I am not 100% sure but I first saw pictures of it on YSL ad campaigns it was around March 2018.


----------



## Carolelyons

Carolelyons said:


> I have one too and it’s just gorgeous . The medium is a perfect size and pleased to hear that it’s not too delicate that it can’t be worn on a daily basis - would hate to only be able to use on special occasions


----------



## Carolelyons

Does anyone have a picture of the Jamie bag that is well used as I am concerned about how it will look in a years time


----------



## BettyLouboo

Actually saw this at the boutique the other day and I was quite surprised how nice it looked in person. It didn't catch my eye online but it sure did in person. I may go back to look at it again.


----------



## Carolelyons

It is gorgeous and feels so amazingly soft I love it


----------



## Carolelyons

Does anyone know what the resale value for a Jamie is and are they holding thee value


----------



## Miss World

BettyLouboo said:


> Actually saw this at the boutique the other day and I was quite surprised how nice it looked in person. It didn't catch my eye online but it sure did in person. I may go back to look at it again.

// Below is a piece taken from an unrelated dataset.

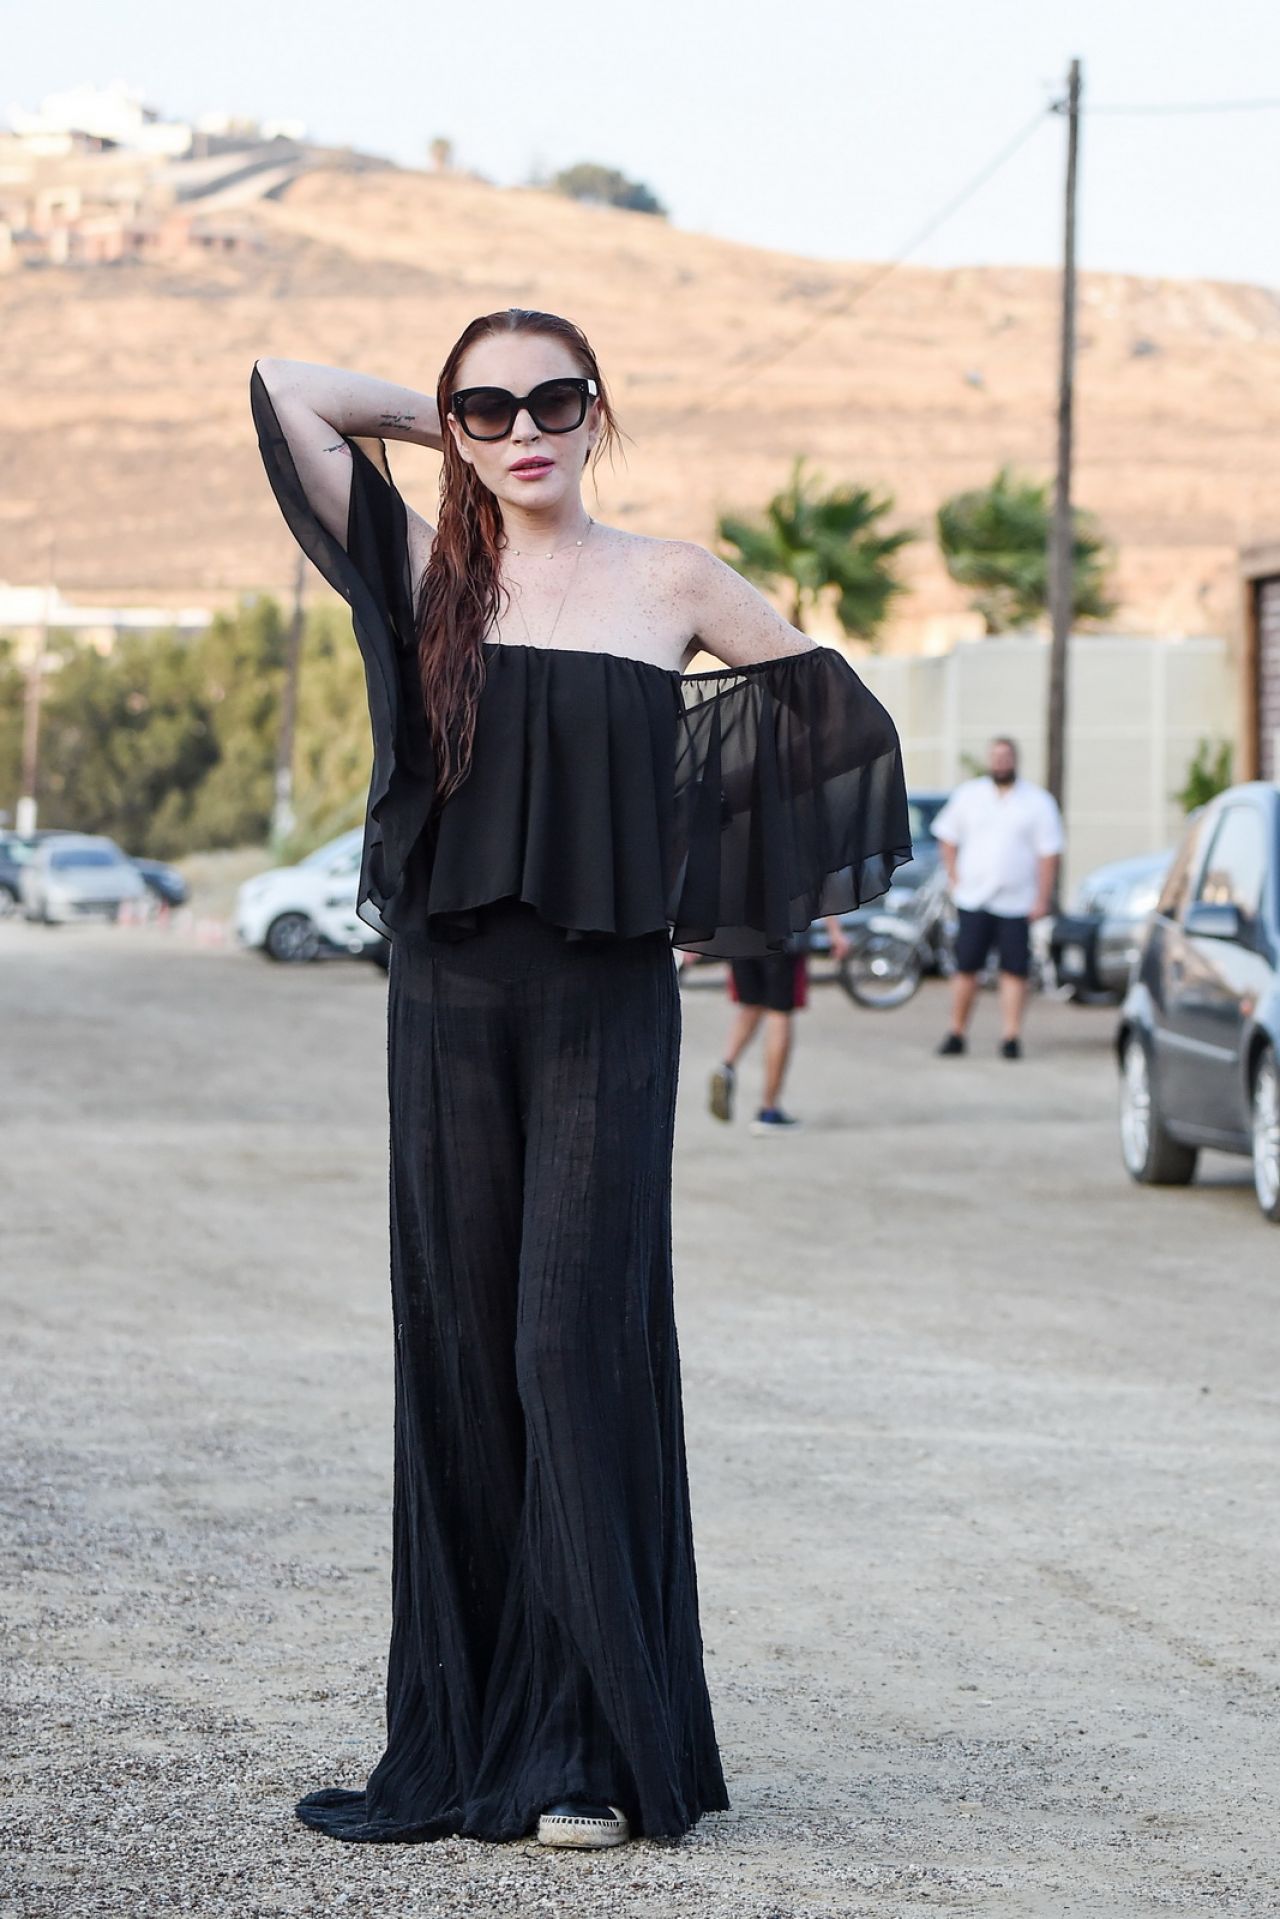 lindsay-lohan-in-a-black-outfit-mykonos-june-2018-8.jpg

It really is beautiful. I didn't really think much of it at first, but when i saw and tried it on in store i loved it. It is classic YSL with amazing lambskin leather, so luxurious. 


Carolelyons said:


> Does anyone know what the resale value for a Jamie is and are they holding thee value


The bag is relatively new so not that many on the resale market. However the ones I've seen on the pre-loved market are selling for close to the retail price. I think the Jamie is a bag for someone who appreciates lambskin leather and how it ages over time. It is so buttery soft, supple and reminds me of vintage bags.


----------



## bagloverny

Just wanted to add my medium Jamie bag! It's an incredible bag, esp at this price point. The lambskin is so soft and luxurious!


----------



## Miss World

bagloverny said:


> Just wanted to add my medium Jamie bag! It's an incredible bag, esp at this price point. The lambskin is so soft and luxurious!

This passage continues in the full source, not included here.